So much choice has led to confusion. Sure, this song is good, but there’s gotta be something even better out there. What’s everyone else listening to? What am I missing? I’m falling behind! Some even throw up their hands in despair: “I DON’T EVEN KNOW WHAT I LIKE ANYMORE!”
For many, selecting something to listen to has become an interminable chore. Discovering new music has paradoxically become more difficult.
Our attention spans have shrunk. If we don’t like something immediately — usually within five to 10 seconds — we hit the skip button. The algorithms then remove that song from what it recommends to us and we never have the opportunity to learn to like something that requires repeated listening.
New music is increasingly dismissed, especially something different or experimental that has the potential to be groundbreaking and/or transformative if just given the time. The more choice we have, the more disposable songs become.
Find a song. Make a judgment after 10-15 seconds. Skip. Next song. Skip. Repeat over and over and over again.
What’s the solution? Some people are weaning themselves from constant streaming, opting instead to stick with a smaller, manageable selection of playlists that they’ve created themselves. Others have returned to physical media like CDs, vinyl, and even cassettes. An actual physical object that contains music invites far more investigation, which can lead to greater engagement.
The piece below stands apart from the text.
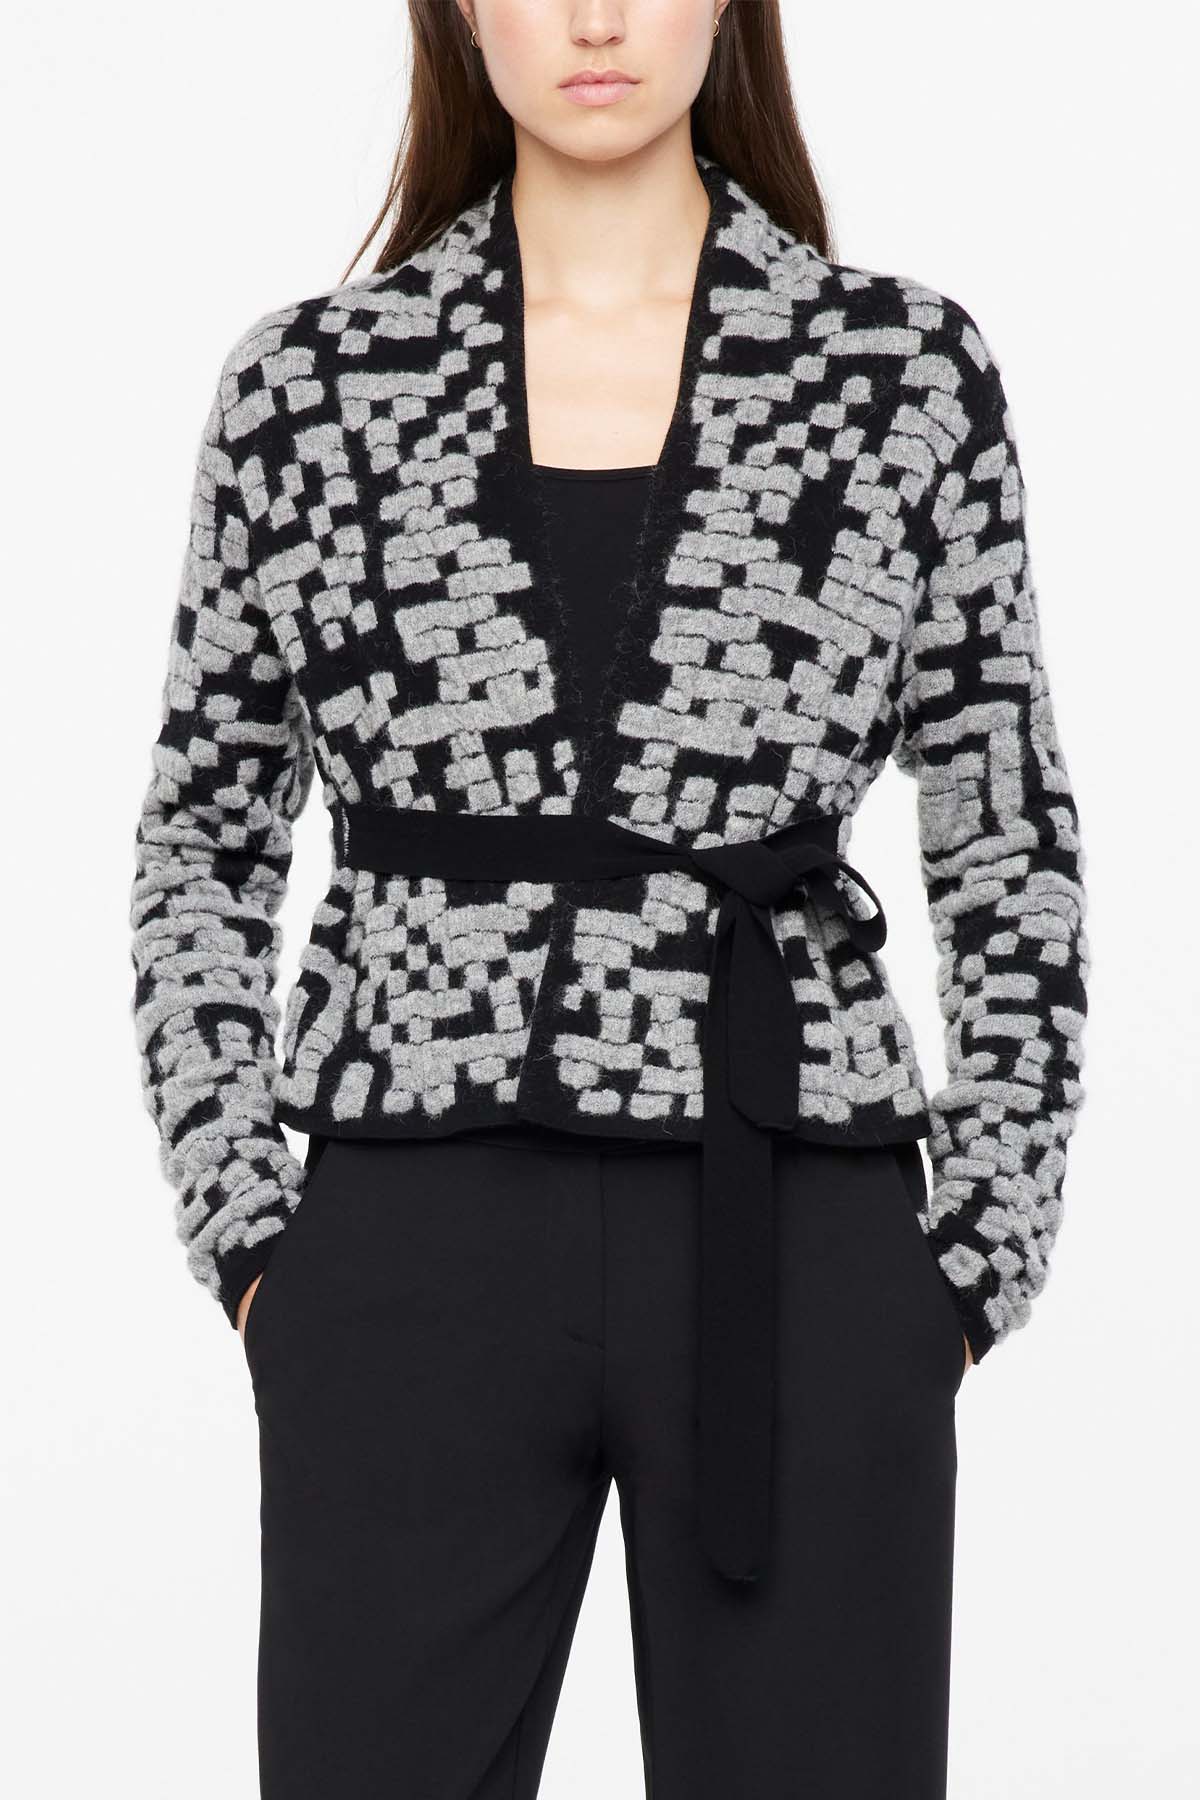 Sarah Pacini Belden Kuşaklı Yün Triko Ceket-Libas Trendy Fashion Store

Some of those folks have cancelled their streaming music accounts, concerned about how little they hear artists are making from streaming. Others are even discovering the pleasures of old-fashioned radio where they don’t have to worry about choice.
Meanwhile, the streamers have problems of their own. Ingesting thousands and thousands of new songs every day requires server space. Servers cost money. It takes electricity to run those servers. More customers mean more bandwidth is required to distribute all these digital files. That costs money and consumes energy.
It’s to the point where digital music is less environmentally friendly than selling music on pieces of plastic. Add in the economics of the streamers’ business models — all their costs rise in lockstep with revenues — and you have a bunch of platforms that are very concerned for their financial futures.
While record labels, especially the majors, are making billions from streaming, a figure that’s growing every quarter, they’re concerned that the market share for new music is shrinking as people opt to listen to more and more familiar music from years gone by. The gold rush that is “catalogue music” (material more than two years old) comes at the expense of new songs, which are supposed to be the catalogue music of the future.
Something has to change. The tsunami of new music is unsustainable in so many ways. Do streamers cap the number of songs they ingest? Do they restrict the size of their accessible libraries to their customers? Do they cull the songs that aren’t getting any attention from their libraries? Will we see streamers start to discourage musicians from uploading music by limiting royalties for songs that stream more than, say, a thousand times?
Think about Mickey Mouse in The Sorcerer’s Apprentice. If someone doesn’t do something, we risk drowning in music that we will never hear.